Es ist besser, Namen von Clubs am Rhein nicht auszusprechen.

Es ging einfach nicht, so sehr er es auch versuchte. Aber die Kombination aus einer Zahl und mehreren Buchstaben wollte dem tapferen Gast nicht über die Lippen schleichen. Der Mann, stolzer Fan der Borussia Mönchengladbach, wurde gefragt, welcher deutsche Verein in der Saison 2018/2019 die Meisterschaft in der 2. Bundesliga gewann.

Der Mann wusste die Antwort, er sah sie ganz klar vor sich. Doch als er “1. FC Köln” sagen wollte, erlahmten seine Mundwinkel. Sehen Sie selbst!

Die Spontanblockade kostete den Mann stattliche 1’000 Euro, eine bittere Pille für den Gladbacher. Da kam unverhofft sein Herzensverein zu Hilfe. So hatte der grobe Aussetzer doch noch sein Gutes.

Nur was der Mann während der Show auf dem Leib trägt, bleibt rätselhaft.

Beste Publizität II

Briger am Mittwoch den 22. Juli 2020

Das Runde Leder steigt ins Trikot-Sponsoring ein.

Ältere Leser erinnern sich, der bekannte und beliebte Fussballblog “Zum Runden Leder” steht mit dem BSC Young Boys in Verhandlungen hinsichtlich einer Neuanordnung der gelben Stühle im Stadion Wankdorf.

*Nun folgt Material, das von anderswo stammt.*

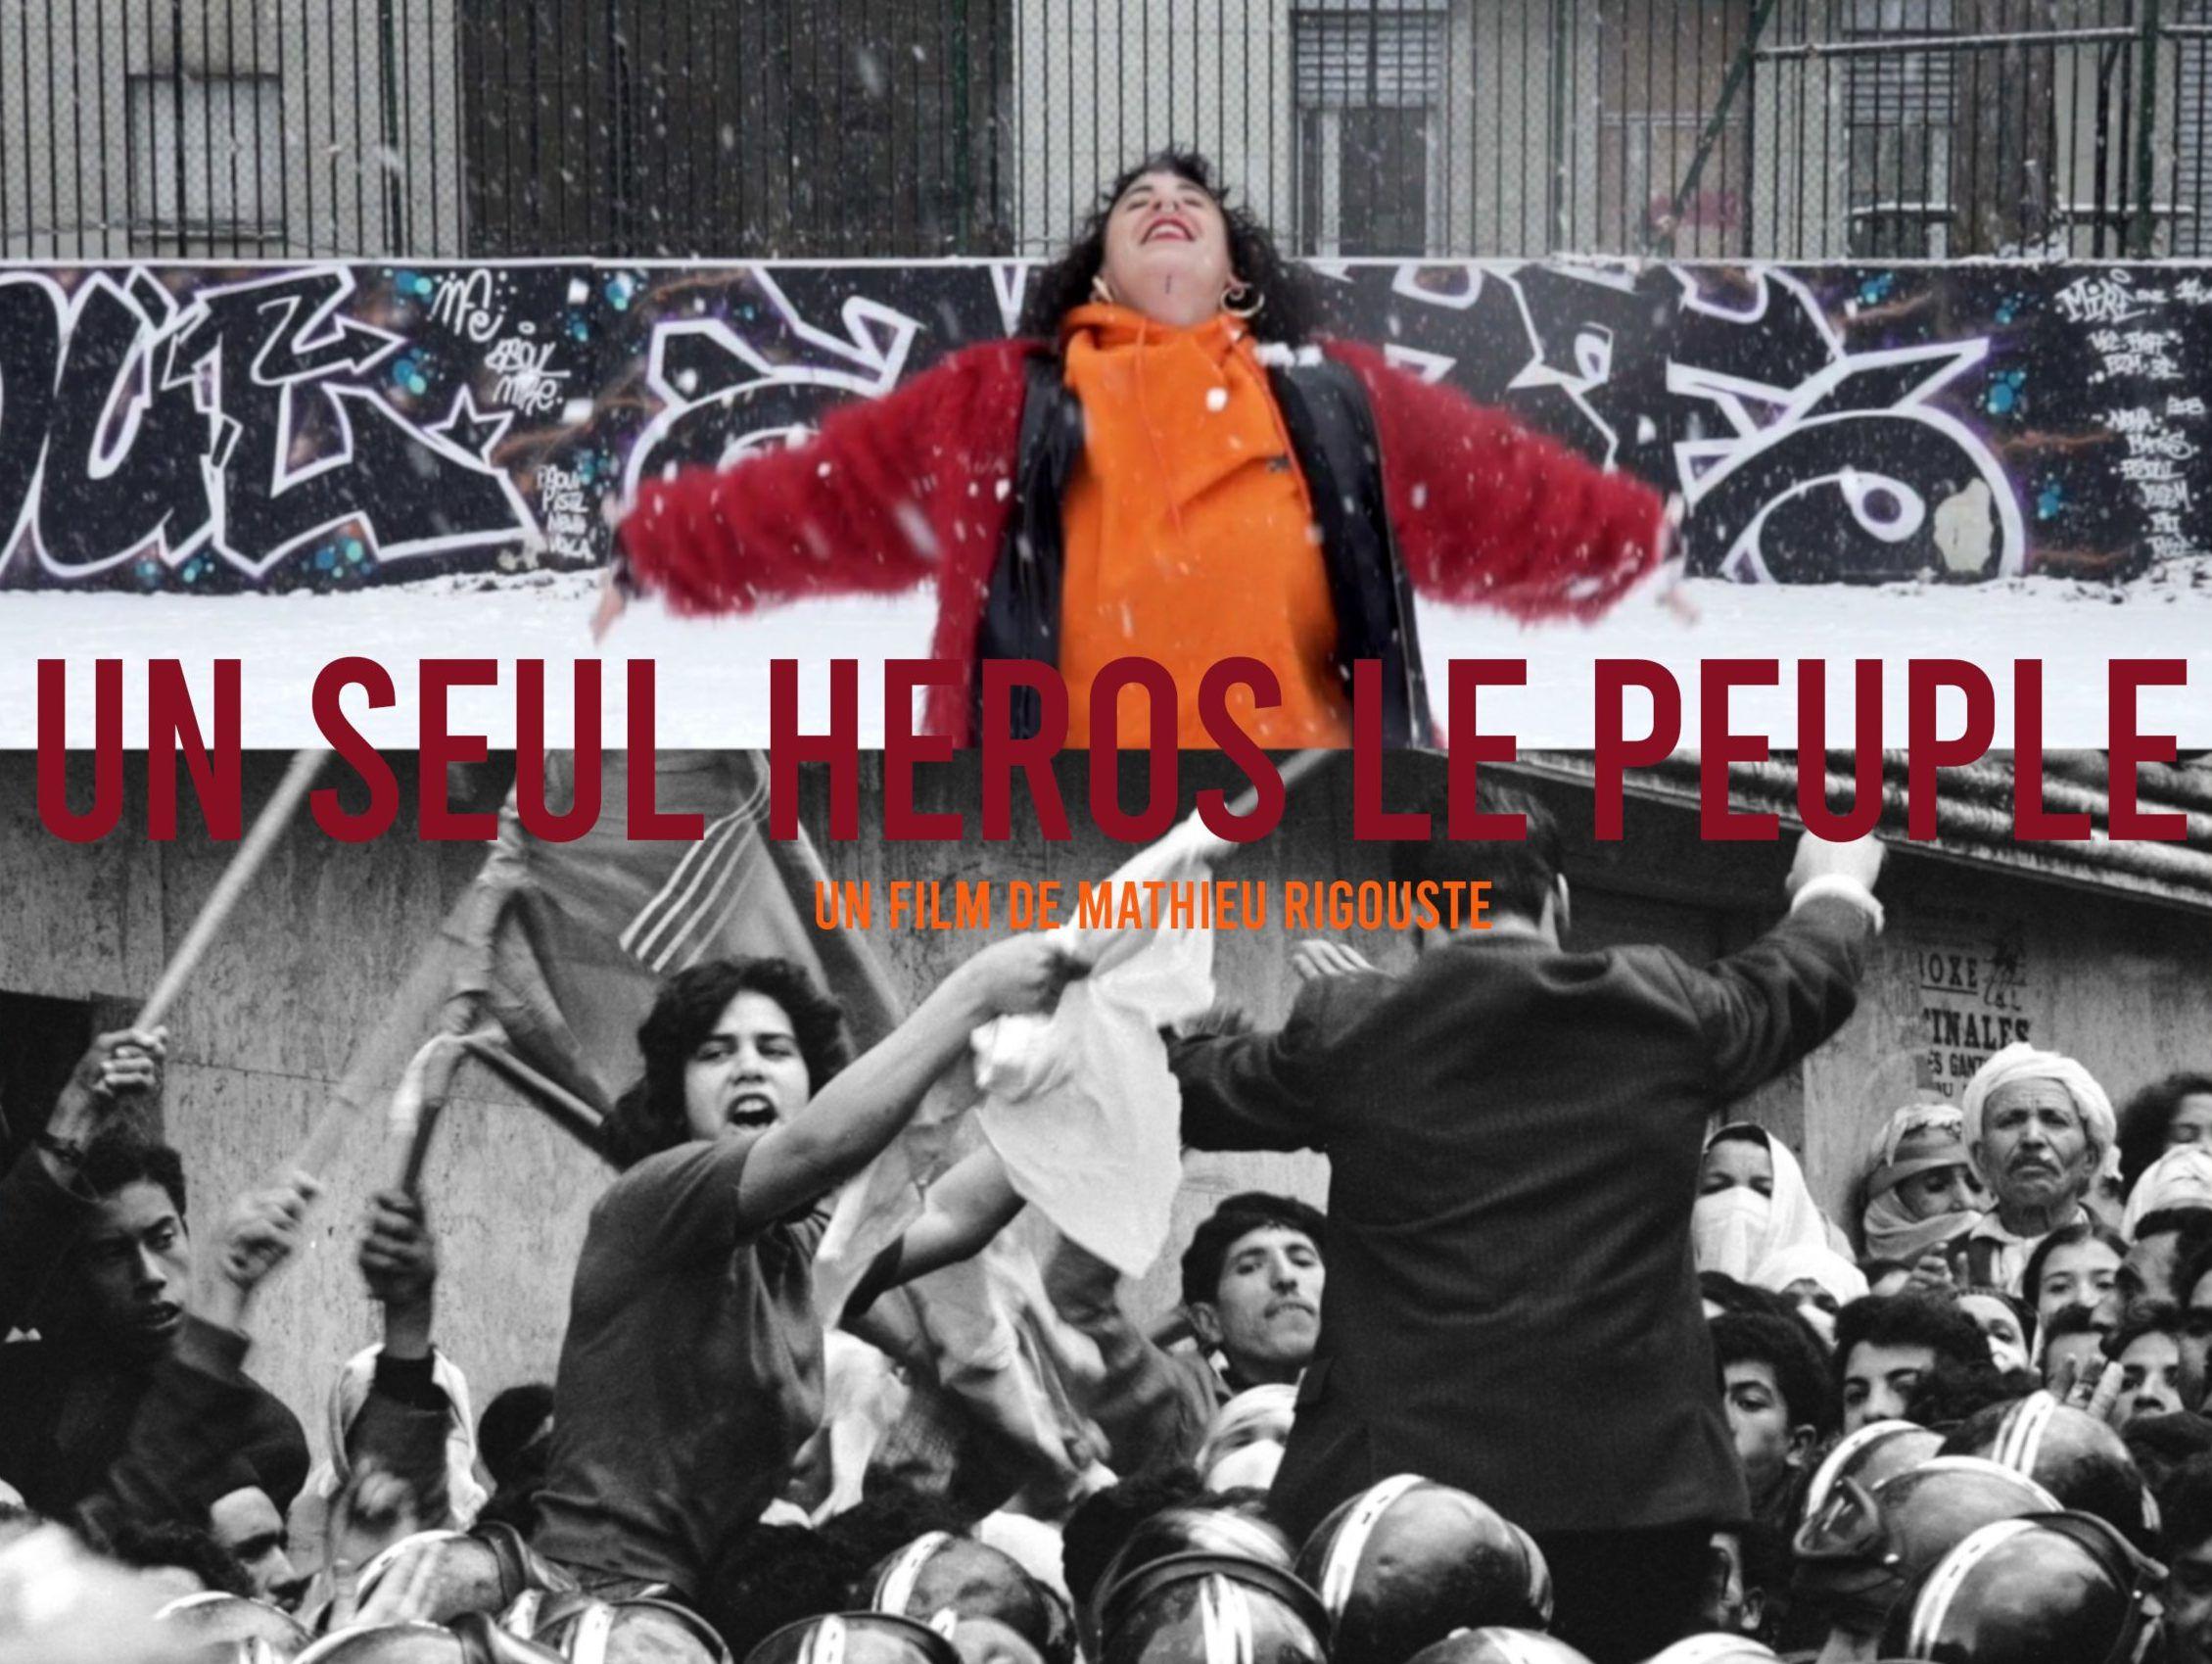 Un seul héros, le peuple - Documentaire (2013)

Bereits einen Schritt weiter ist das Runde Leder in Sachsen. Noch ältere Leser werden sich erinnern, dass der FSV Zwickau während der Corona-Pause auf Geldsuche ging. Das Runde Leder hat also die erfolderlichen 52 Euro 50 aus dem Sparschwein gekratzt und sich einen Platz auf dem Sondertrikot des FSV Zwickau gesichert. In diesem Trikot lief Zwickau dann am 1. Juli beim letzten Heimspiel der Saison auf. Das Spiel sollte letztlich hinsichtlich des Klassenerhalts entscheidend sein, konnte doch ein 2:1-Sieg gegen den Chemnitzer FC gefeiert werden. Dank einem 0:0 am letzten Spieltag in Mannheim war dann auch Chemnitz-Sieg gegen Rostock wertlos und der FSV blieb dank des um ein Tor besseren Torverhältnisses in der Liga.

Inzwischen ist das Trikot in der Schweiz eingetroffen und Sie können einen exklusiven Blick darauf werfen:

  • Da ist das Ding. (Foto: Maldini-Press)

  • Da ist er, der Sonderzug. (Foto: Maldini-Press)

  • Der Schriftzug. (Foto Maldini-Press)

  • Der Schriftzug 2. (Foto: Maldini-Press)

Bedeutsame Bestmarken

Herr Maldini am Dienstag den 2. Juni 2020

Wie fit sind die Fussballer nach der Corona-Pause? Können Sie überhaupt noch spielen?

Das sind Fragen, die Sportjournalisten, Fans und andere umtrieb und in der Schweiz noch nicht beantwortet sind.

In Deutschland weiss man spätestens seit dem Wochenende mehr: Ja, sie können noch. Vladimir Darida vom Hertha, Berliner Sport-Club spulte am Samstag beim 2-0 gegen den Fussball-Club Augsburg 1907 nämlich ordentlich Kilometer ab. Er legte 14,34 Kilometer zurück – in der Bundesliga ist das ein Rekord.

Vladimir Darida und Jürgen Klinsmann. Bild: spox.com

Auch sonst herrscht in Berlin gerade Friede, Freude, Eierkuchen: Die 10 Punkte in vier Partien, die der neue Übungsleiter Bruno Labaddia bislang holte, sind ein ziemlich solider Start – es liegt gar noch ein Vereins-Rekord in Griffweite.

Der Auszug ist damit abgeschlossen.